# [ABOUT THIS EXERCISE]
From start to end, write out the following data exactly, apart from its images.

[[ GIVEN DATA open ]]

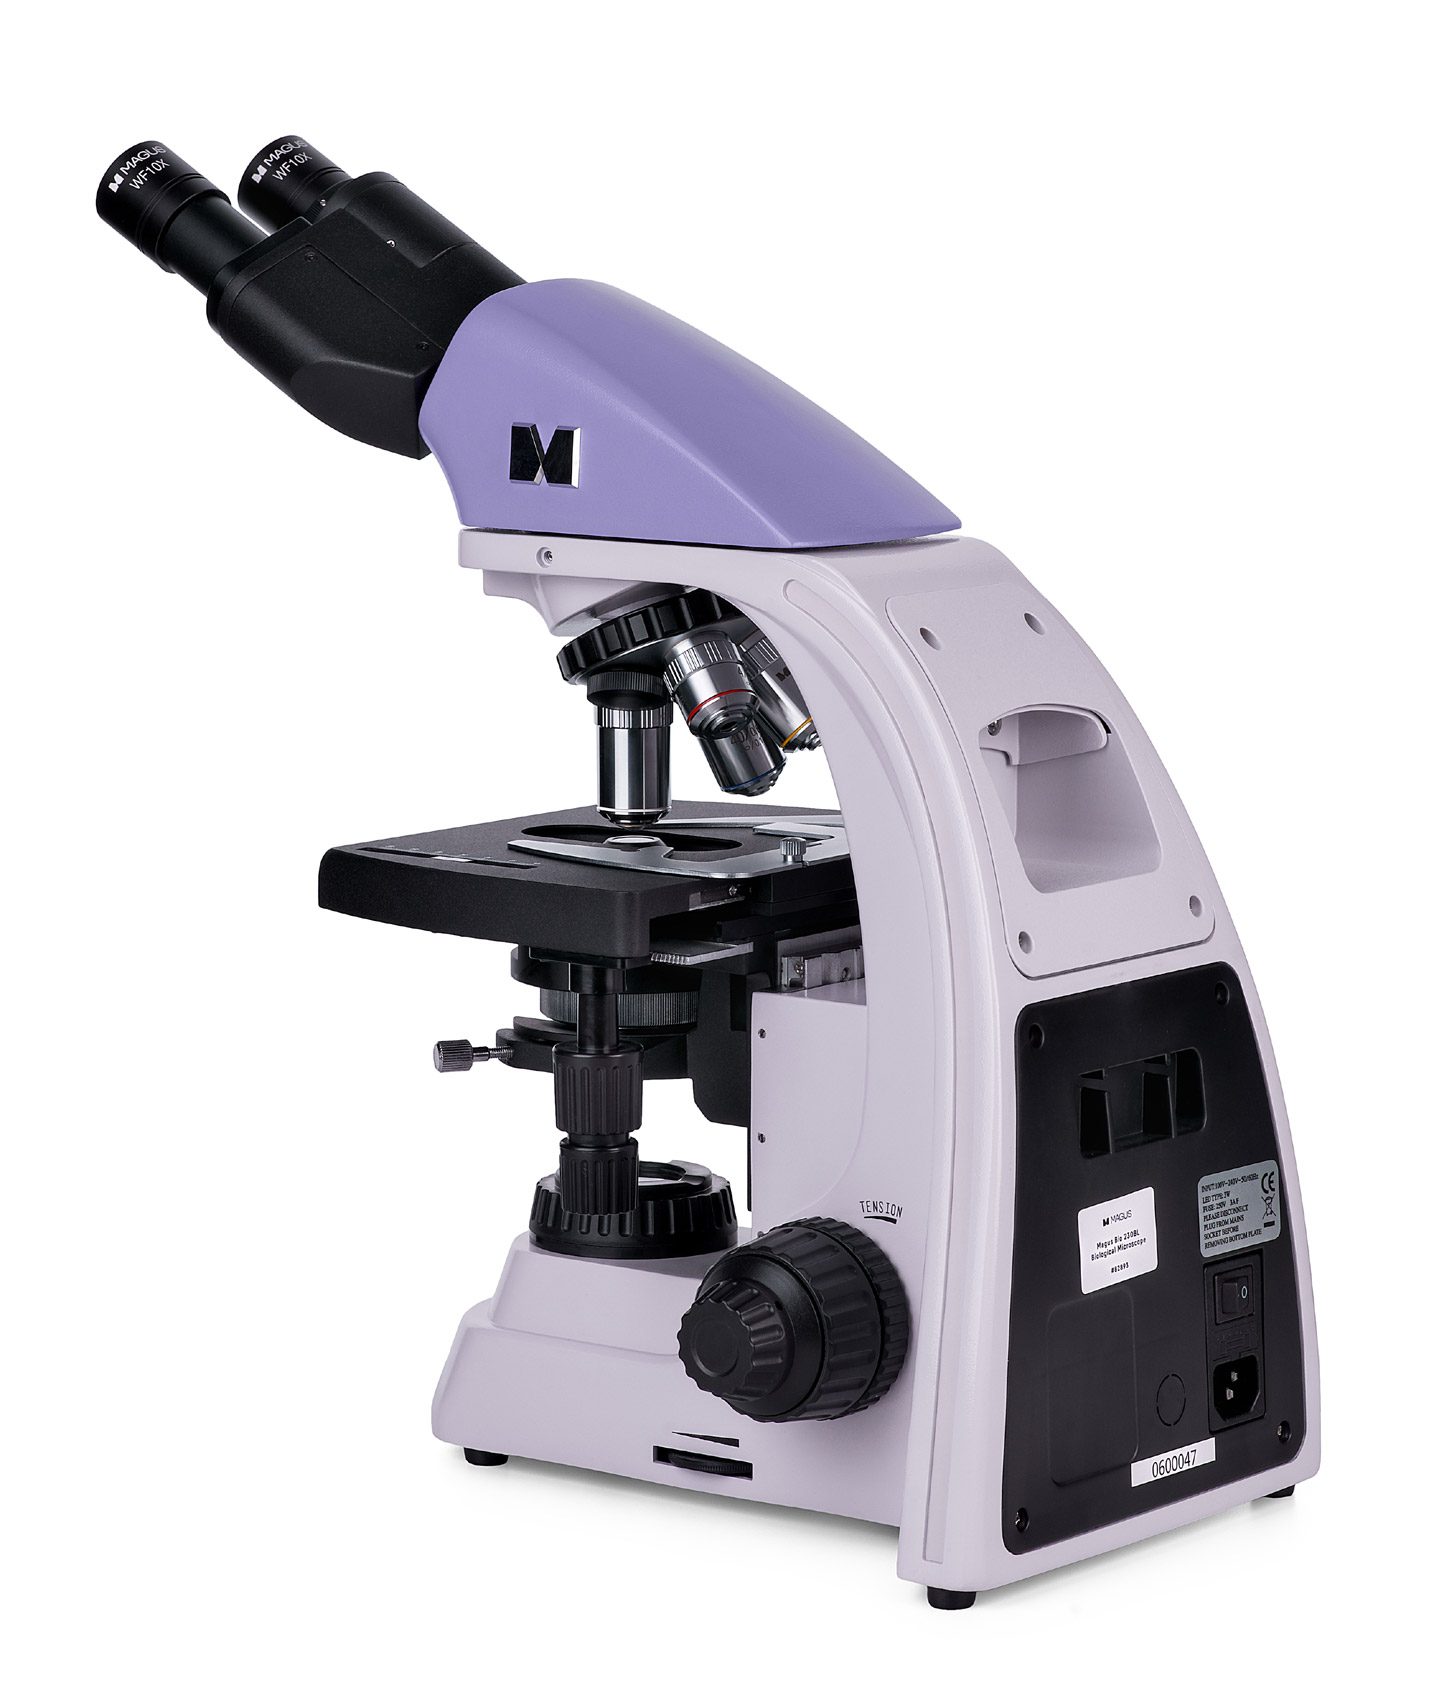 CLZ192 MAGUS Bio 230BL Biyoloji Mikroskobu (4172)
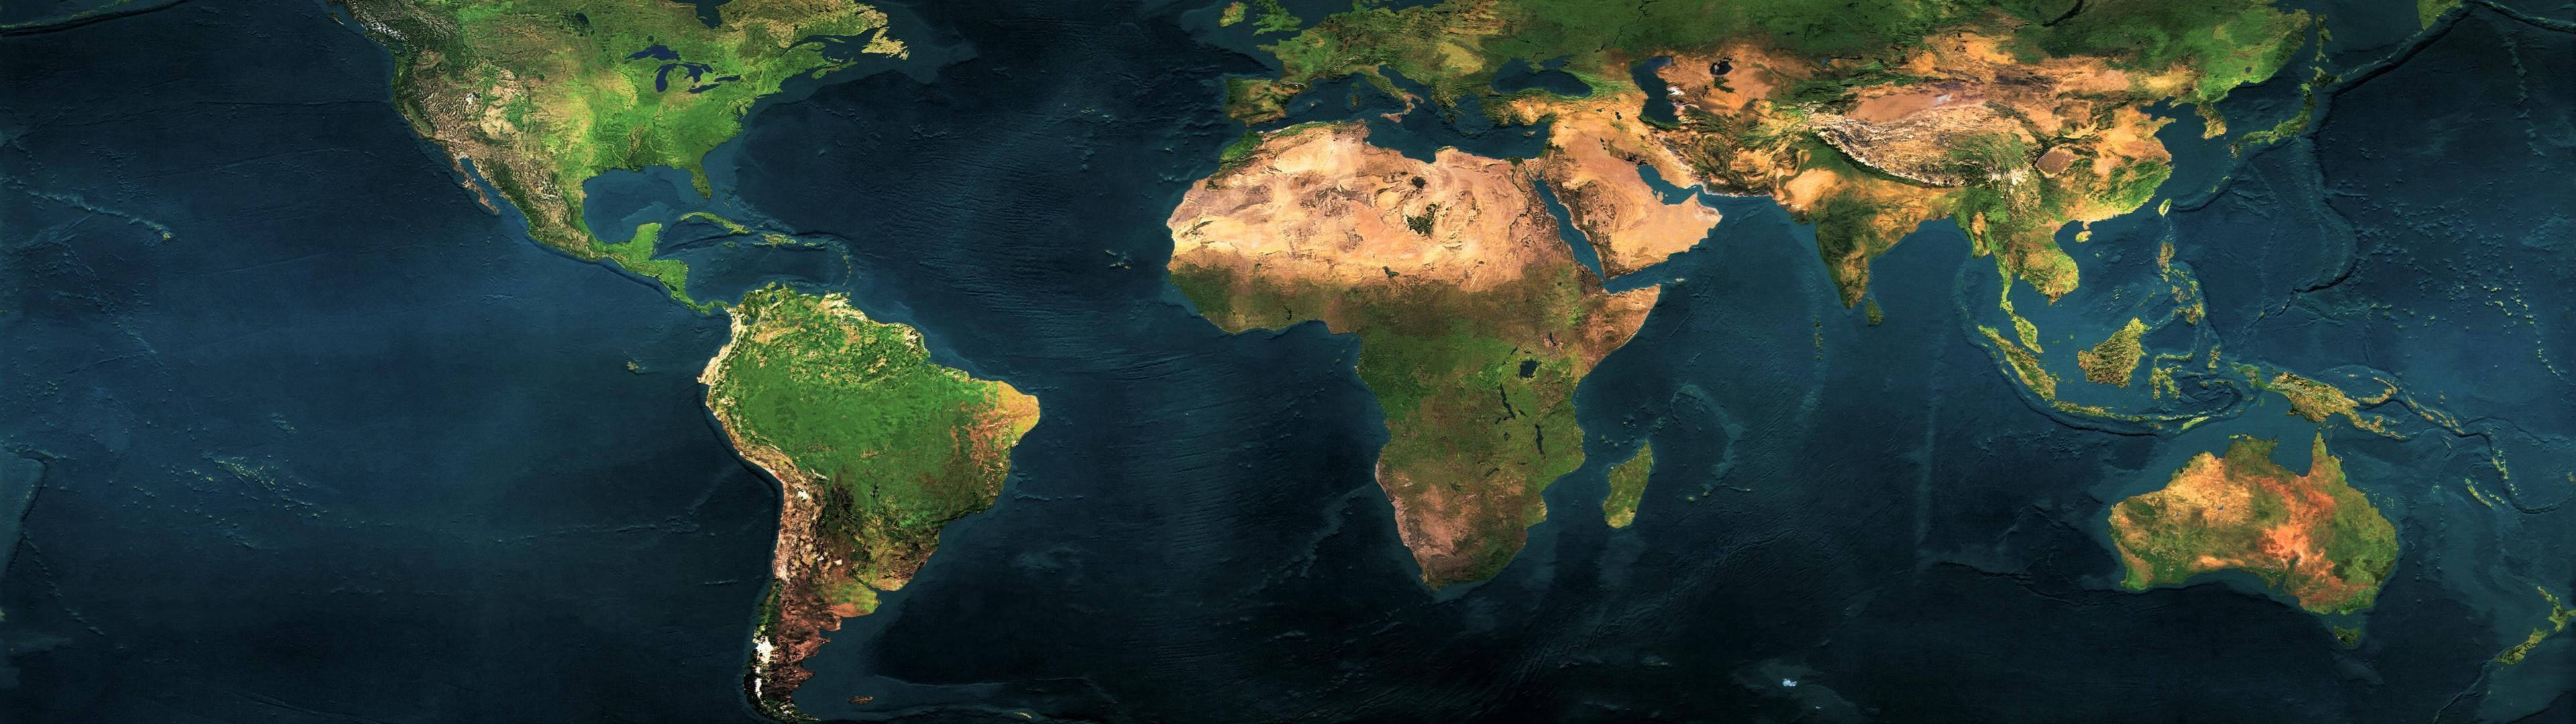 3840x1080 4k World Map Background
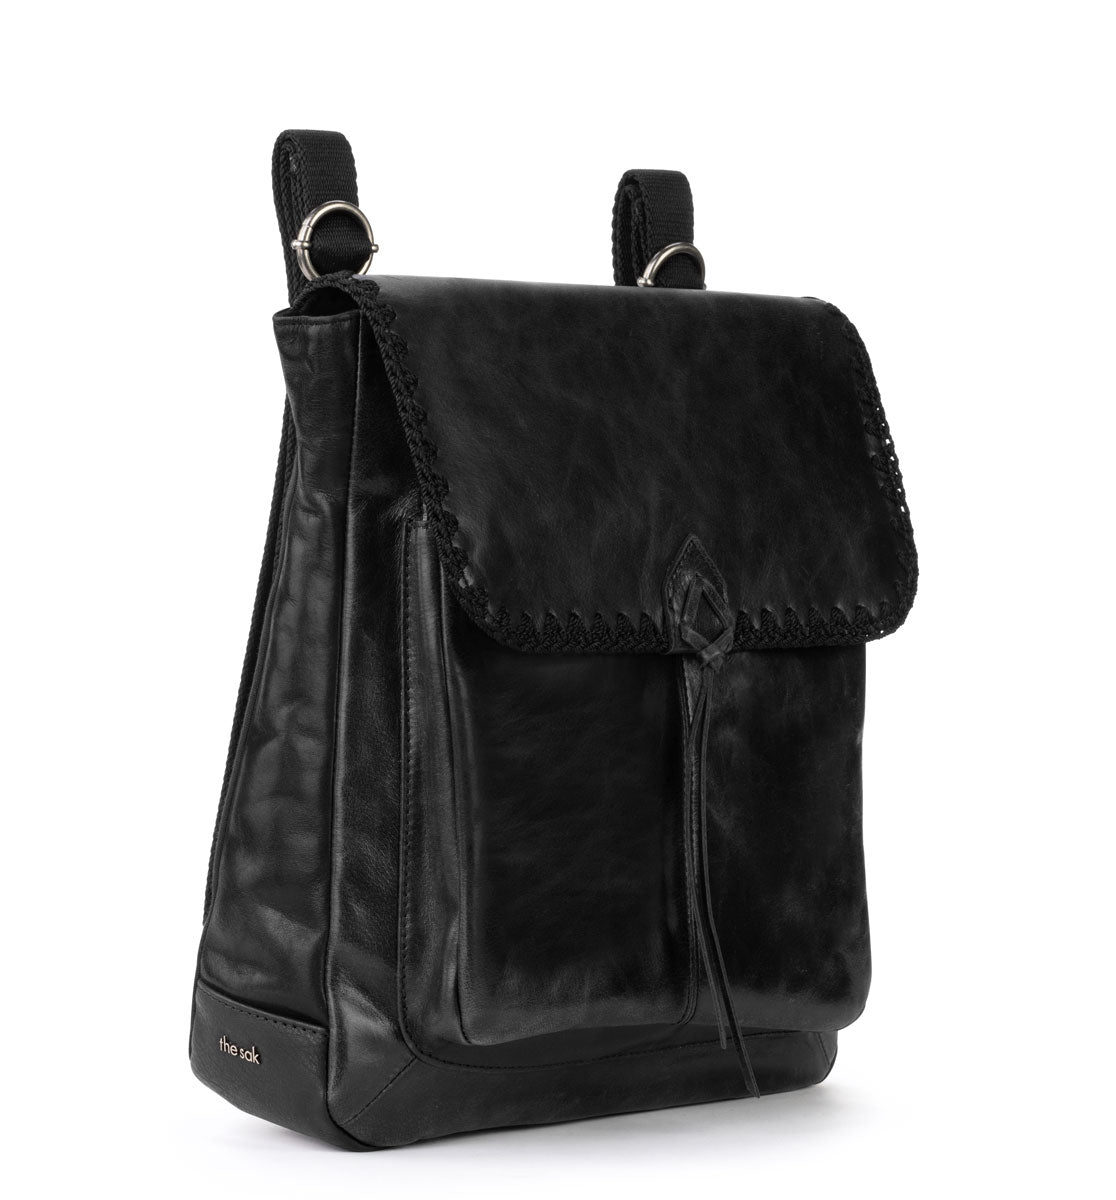 Amazon.com: The Sak Handbags
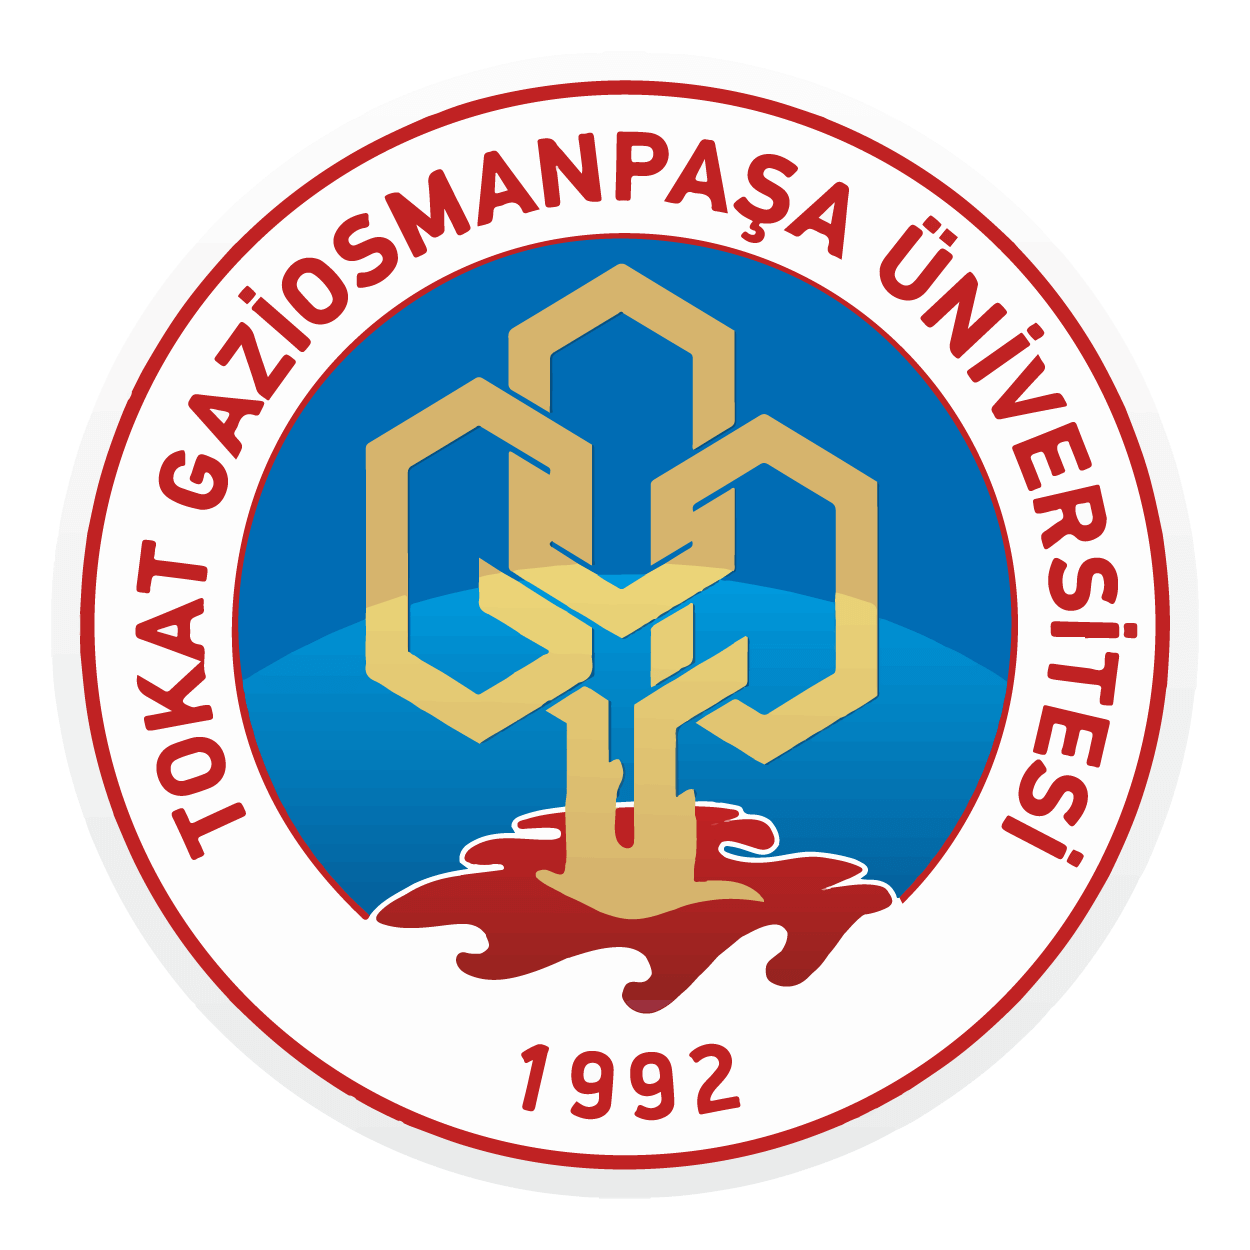 Tokat Gaziosmanpaşa Üniversitesi Logo png

[[ GIVEN DATA closed ]]

# [SOLUTION BELOW]
 CLZ192 MAGUS Bio 230BL Biyoloji Mikroskobu (4172)
 3840x1080 4k World Map Background
 Amazon.com: The Sak Handbags
 Tokat Gaziosmanpaşa Üniversitesi Logo png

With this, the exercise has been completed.